> _Supplied material_:
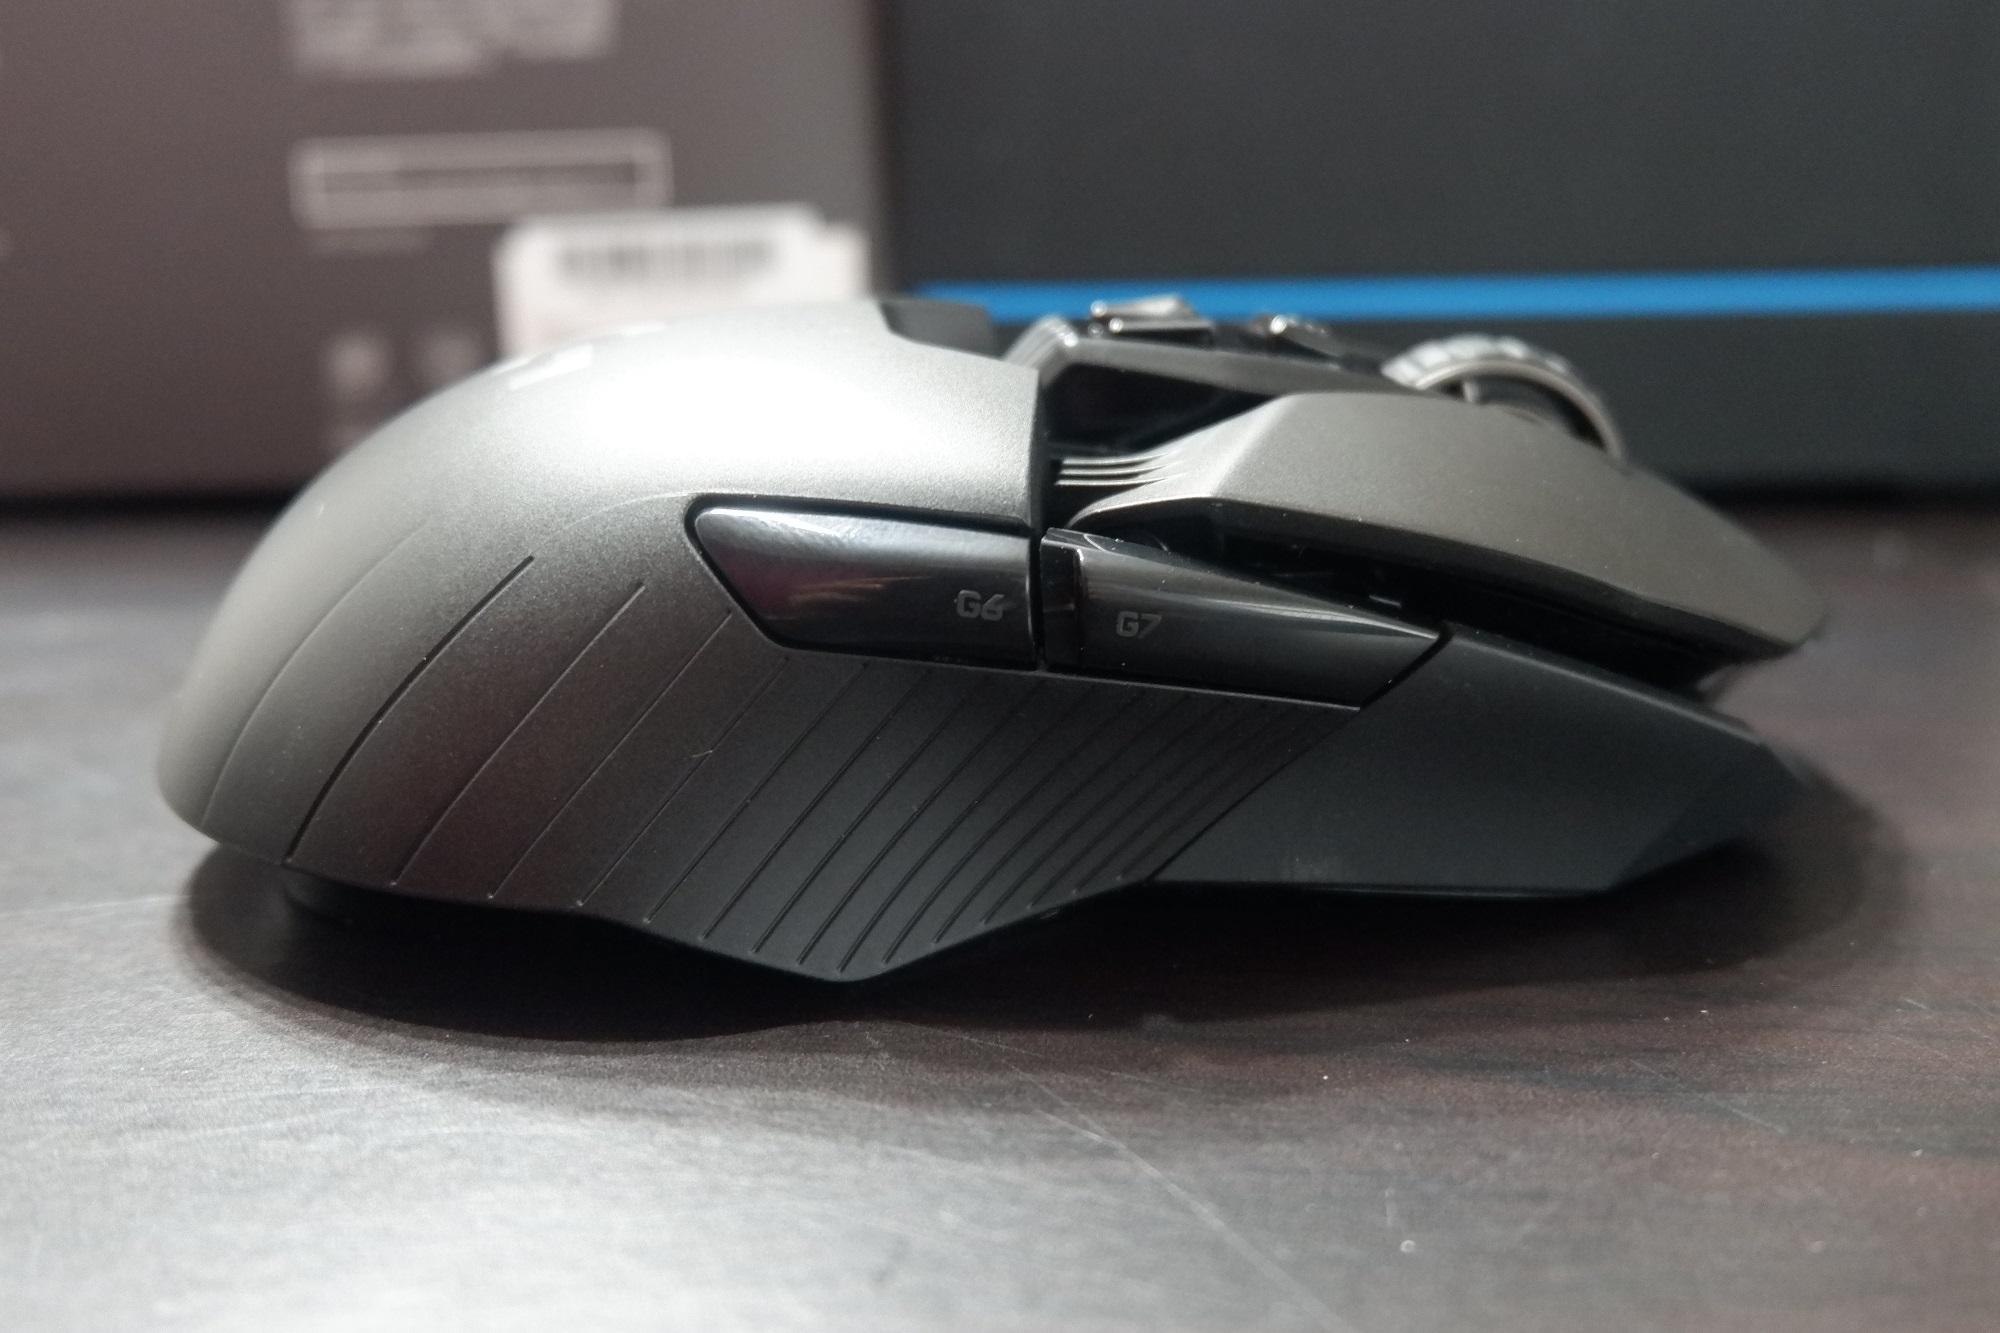 G903 - 右側面部品取り付け後
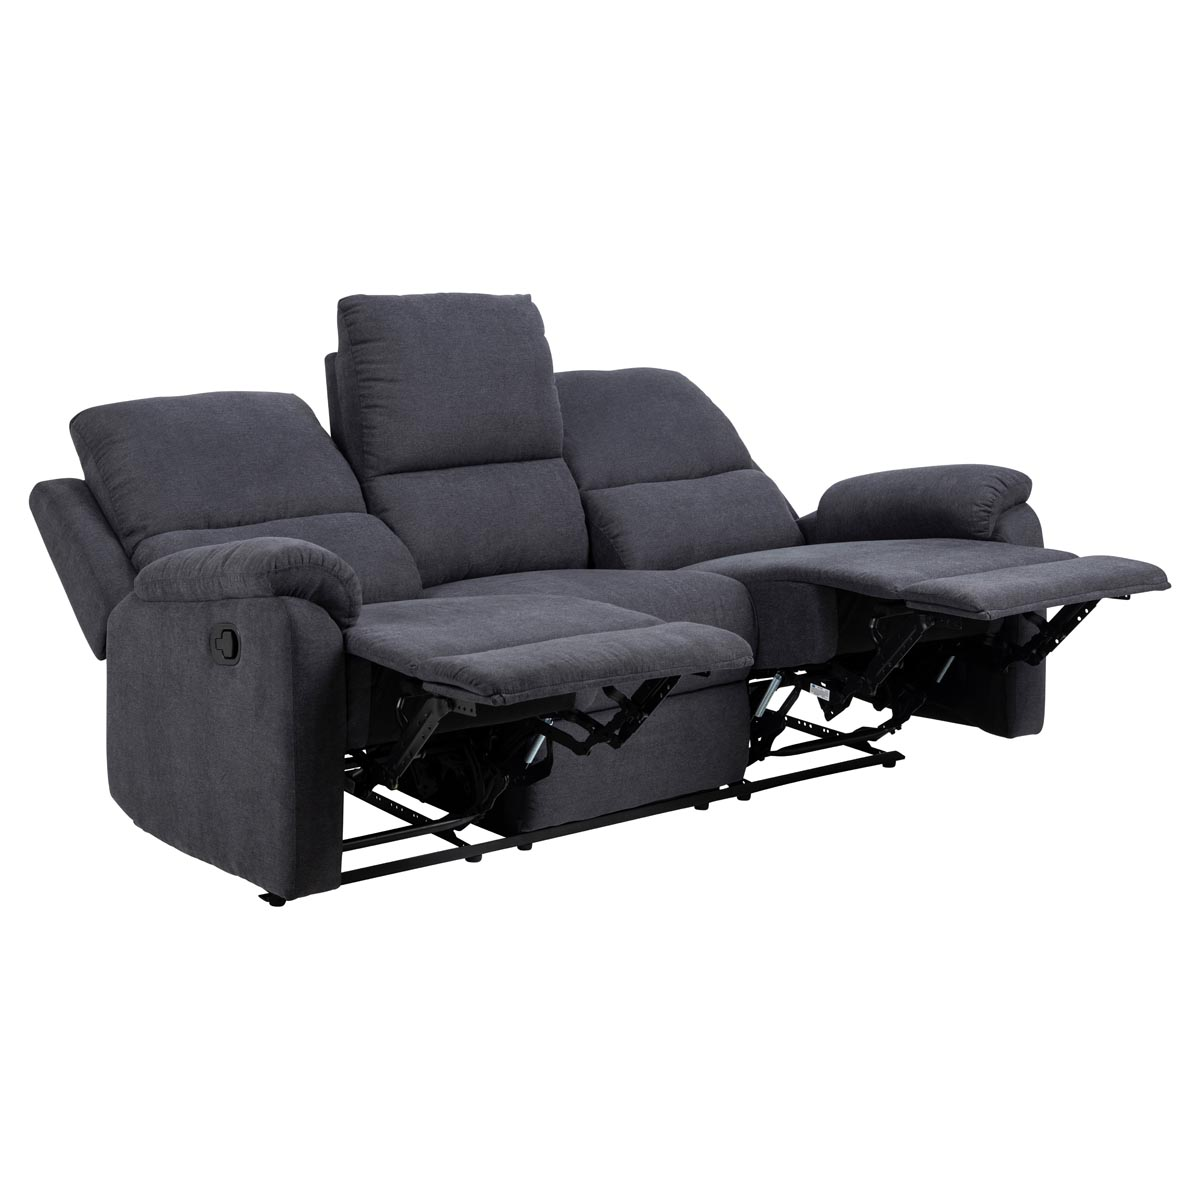 Smogen-3sits-recliner-vololage2
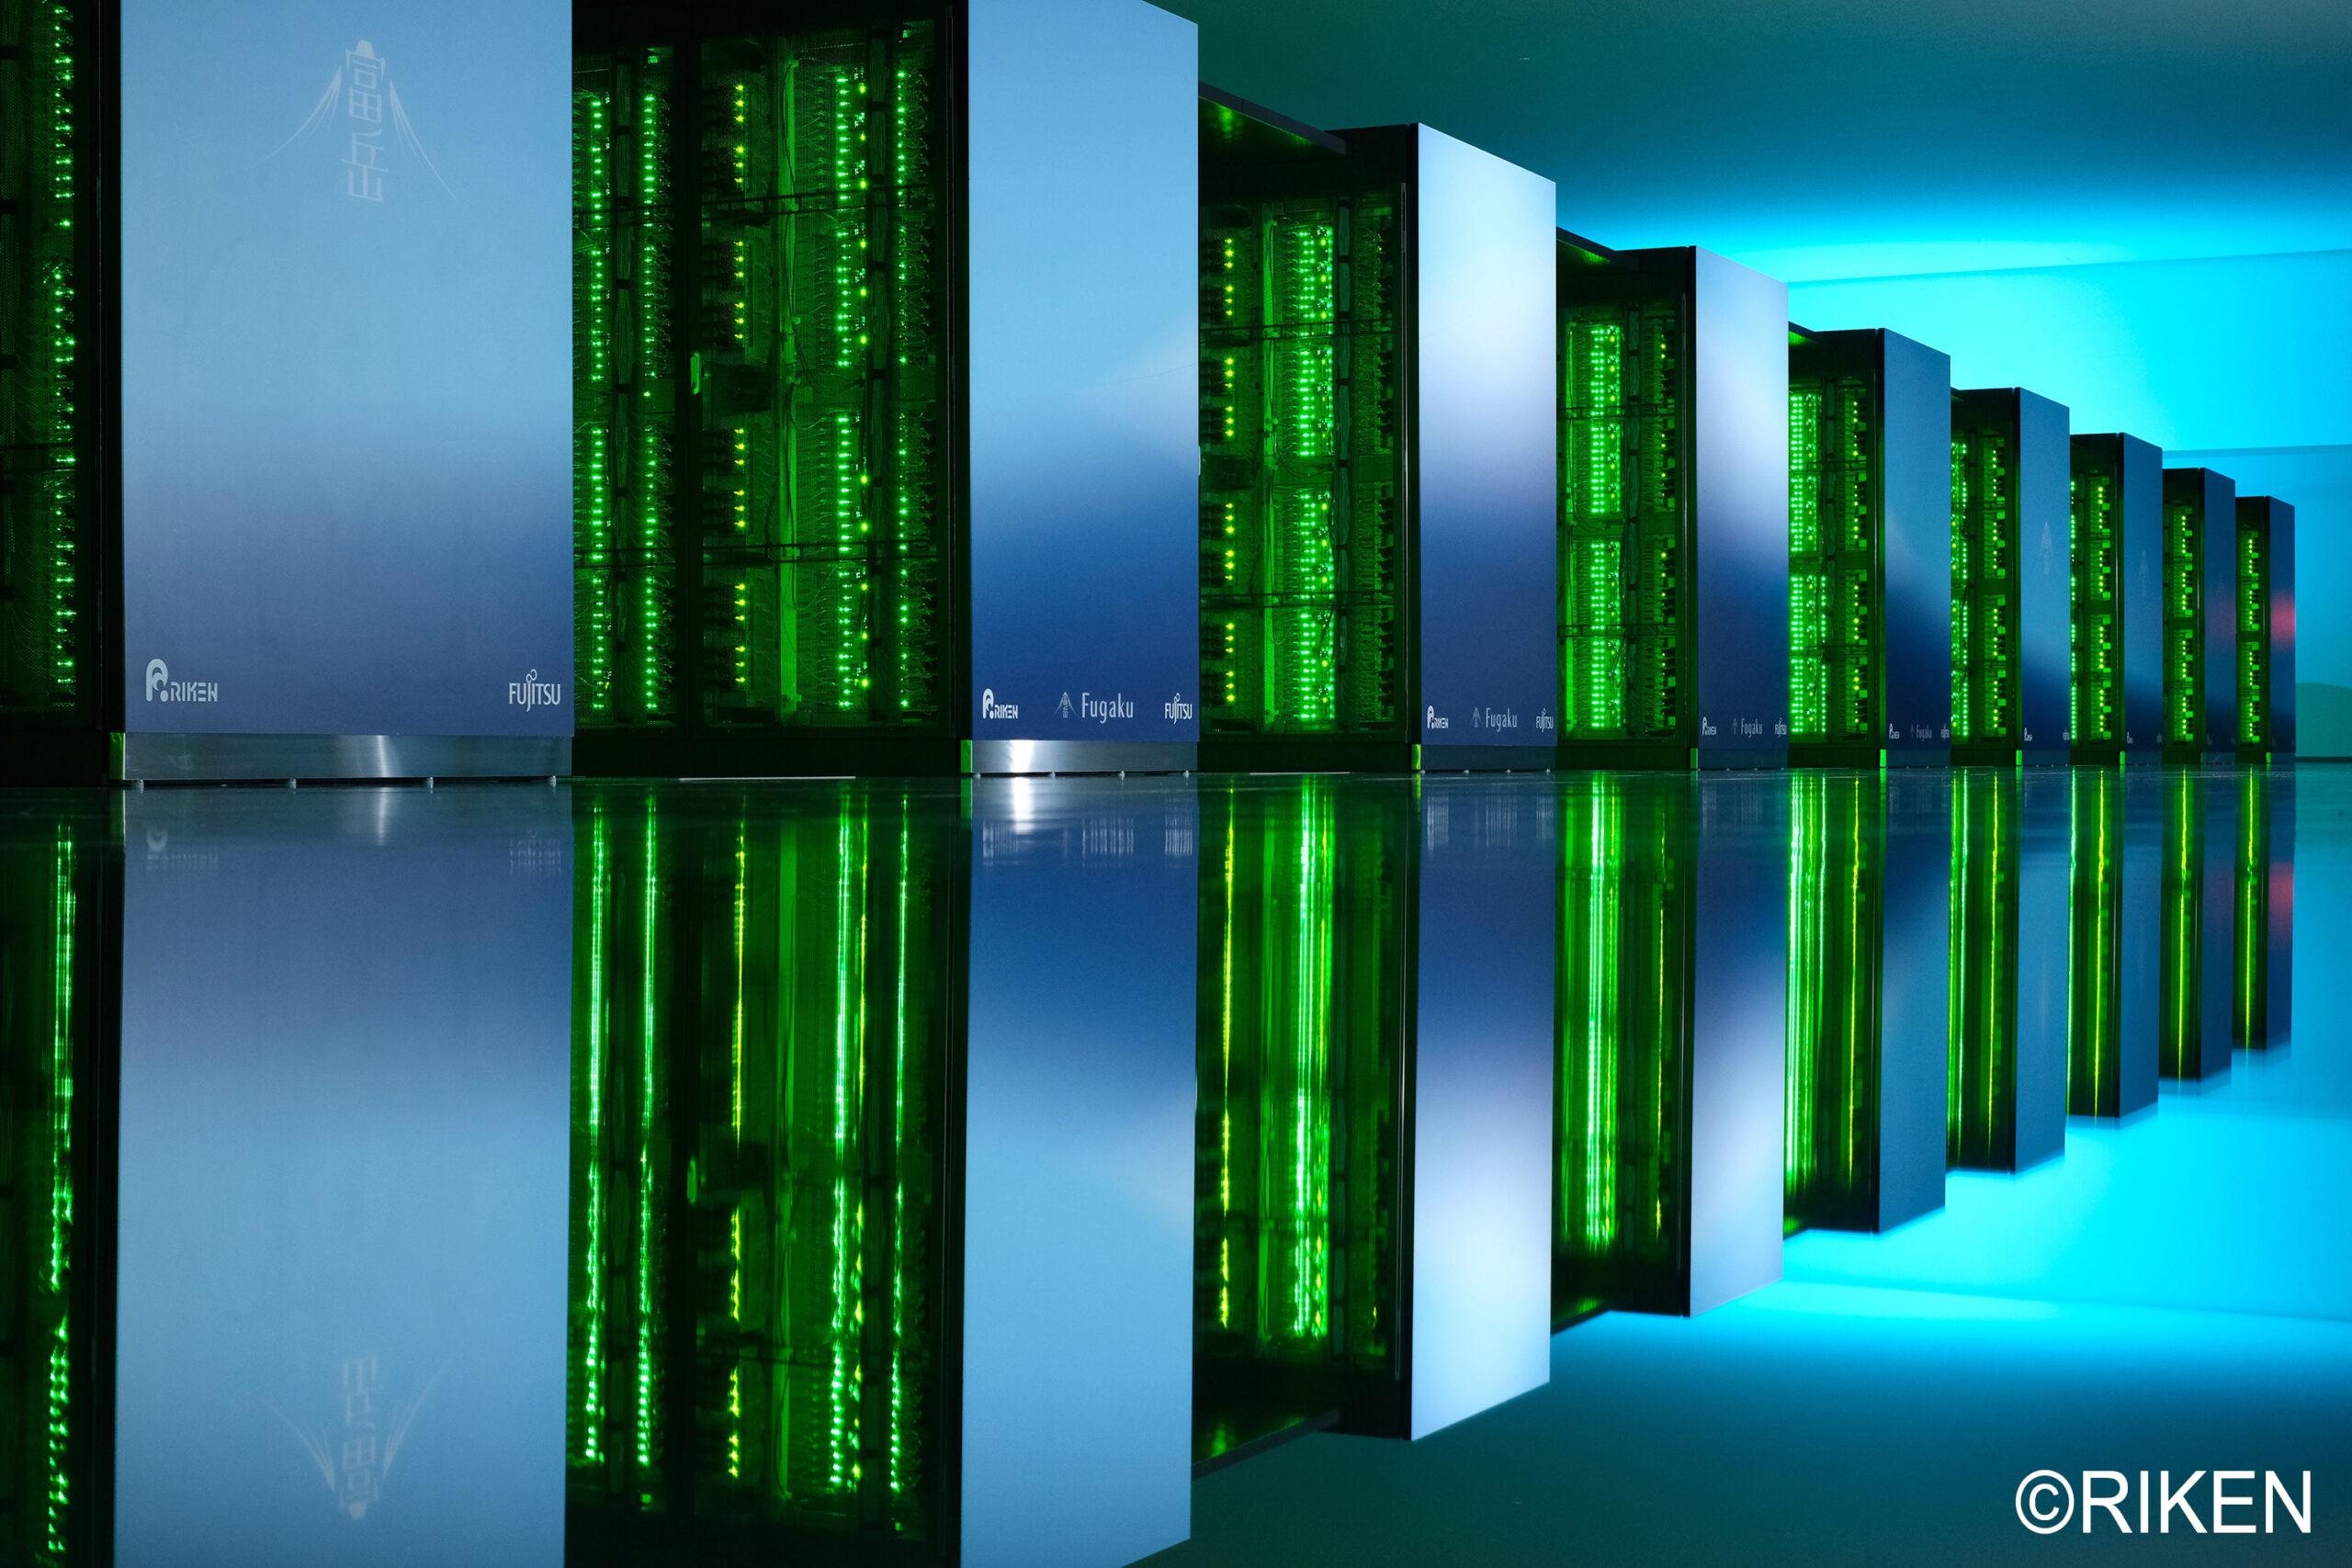 Image of Fugaku supercomputer with led lights on

> _What to produce_: In the copy, only the lines from the one holding "Smogen-3sits-recliner-vololage2" through the end of the listing above should appear, retyped exactly, both ends included, with no pictures.

> _Answer for the task_:
 Smogen-3sits-recliner-vololage2
 Image of Fugaku supercomputer with led lights on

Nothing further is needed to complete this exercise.